I hold the waiters and their ineptitude responsible for this historic blunder. When I am paying upwards of six hundred Rupees (12 USD) a plate then I want someone who knows his job taking my order. Not a wannabe Mithunda.
We had requested to be moved to the outside section after it became empty. No one bothered. I just checked my bill while writing the post and saw that they had charged a service charge. Please let me know if you have A D Singh’s number. That’s a part of my bill which I want to be reimbursed for. Or I can contribute it to a fund where he can send his staff to the local Shiv Sagar Udipi for lessons on ‘service’.
Alls well that ends well
We had a chocolate fondant (Rs 320 / 7 USD) for dessert. Nectar like chocolate sauce oozed out of it when we dug our spoon in. A treat befitting the happy occasion. Princess Leia would have approved. Though I think she is too trim and sleek to be acquainted with chocolate.
The fondant came with what claimed to be a scoop of vanilla ice cream but was actually a tasteless white sorbet.

Bitter sweet memories
In the final analysis Olive is a good place to go to if you want to feel nice and are OK with a bill of Rs 3000 to 5000 (60 to 100 USD).
It is not the place to go if you want a good dining experience AND expect to be pampered OR need to be guided. Given the Neanderthal service quality only a regular at the restaurant, or a food expert, could hope know what to order.
Given the quality of staff they should hire a good writer to make the menu self explanatory. I am sure they could afford it given the horribly overpriced fare.

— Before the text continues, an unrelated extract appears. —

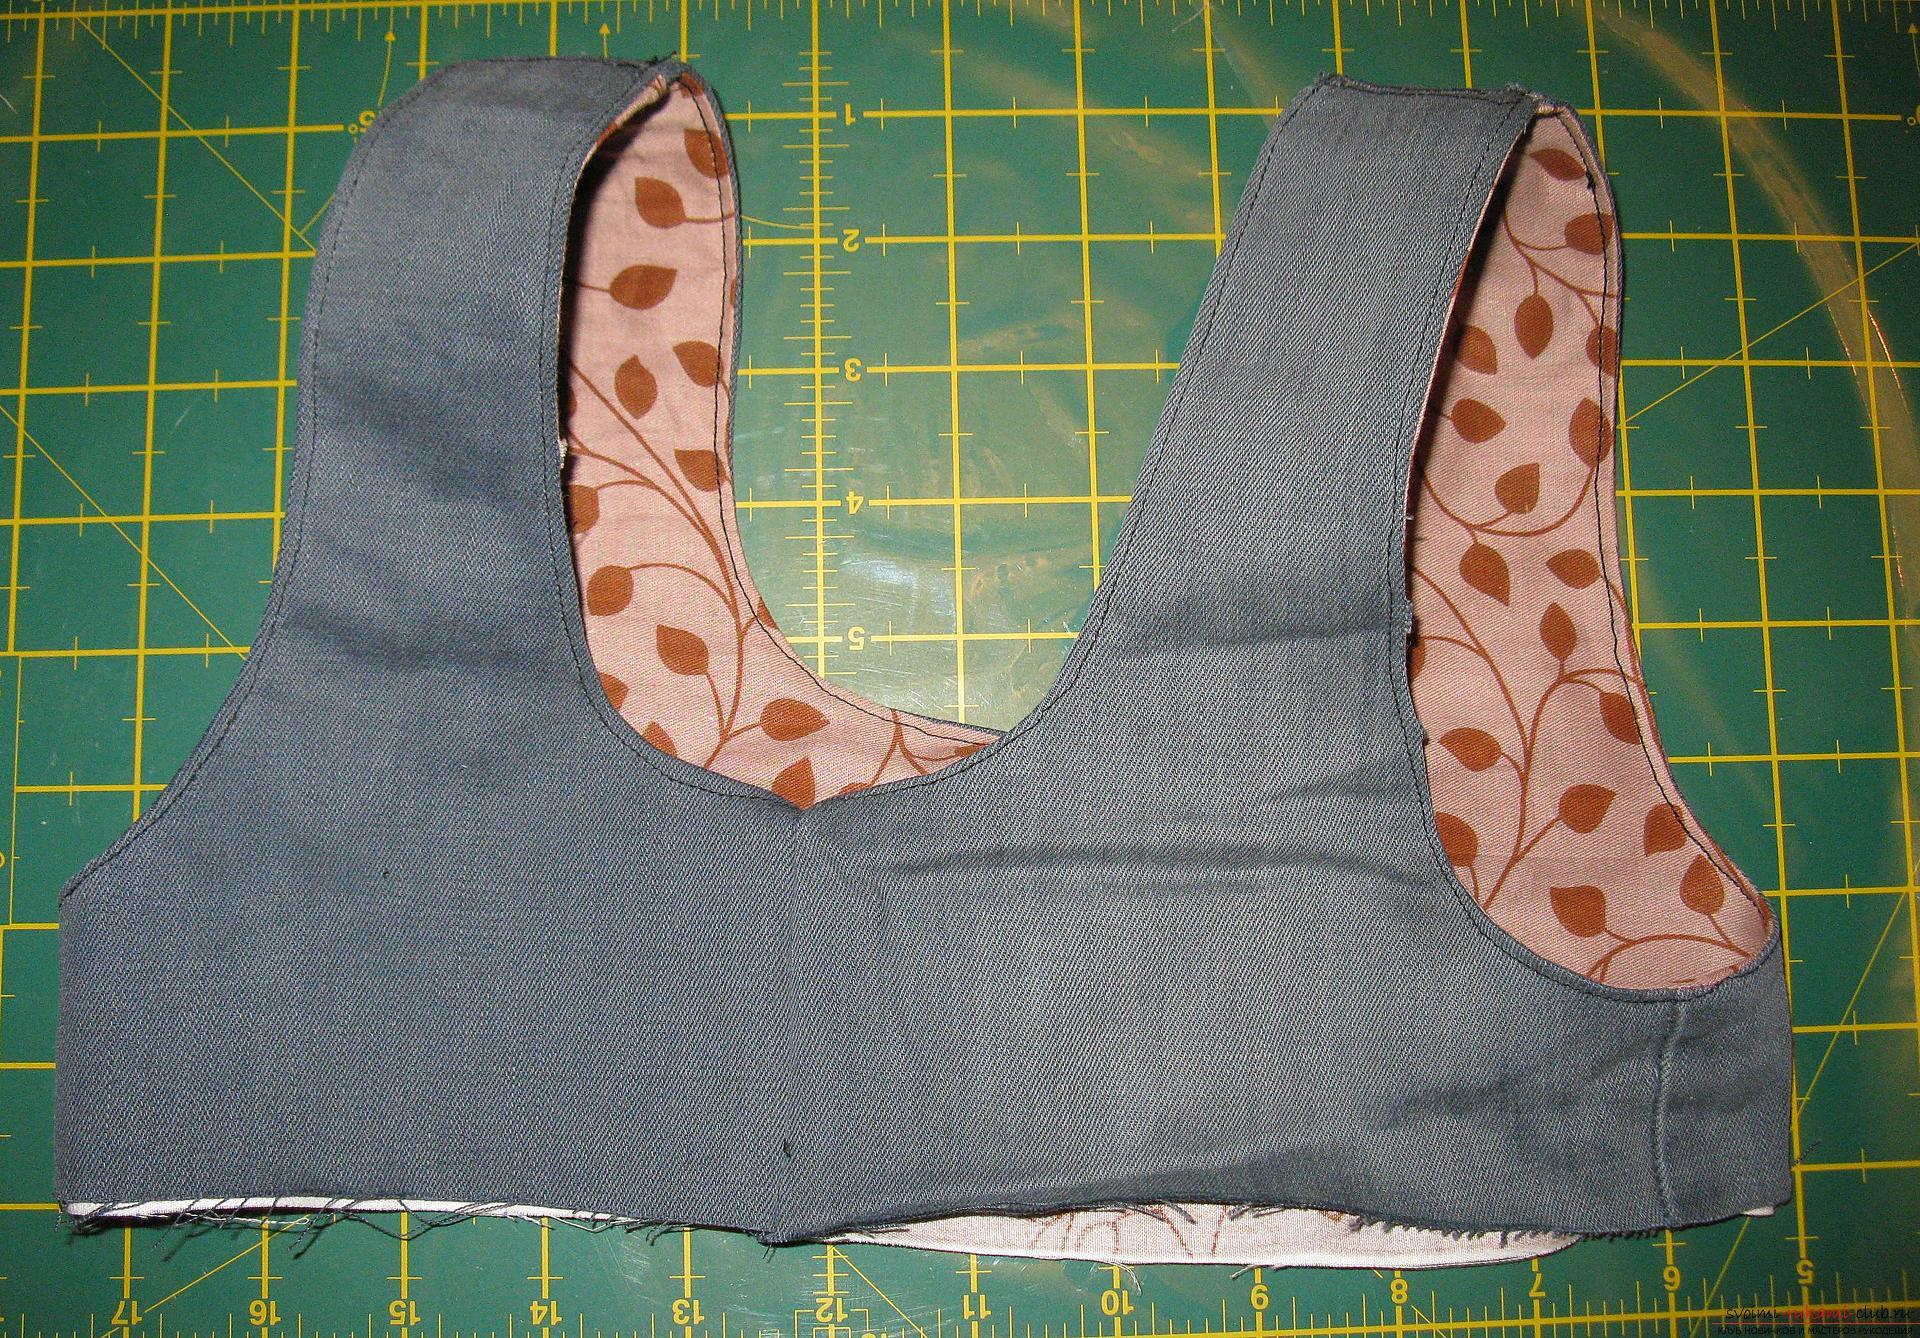 Пошаговые фото к уроку по пошиву хозяйственной сумки. Фото №12

Olive served out purpose that evening. We felt special. Life seemed beautiful. My compliments to the interior decorator.
I don’t see myself going back in a hurry.
Post Script: Mithunda (Mithun Chakraborty) is a Bengali who made it big in the Bollywood kitsch world of the eighties and nineties. He played to the galleries. A man of the masses. Known for his Robin Hood roles, action sequences and disco steps. The characters he would play would typically be that of the neighbourhood goon with a big heart. He would speak in street lingo and slang with a ruffianish accent. A cult figure but not known for finesse.
Not the sort of guy who should be taking orders in a Fine Dining restaurant.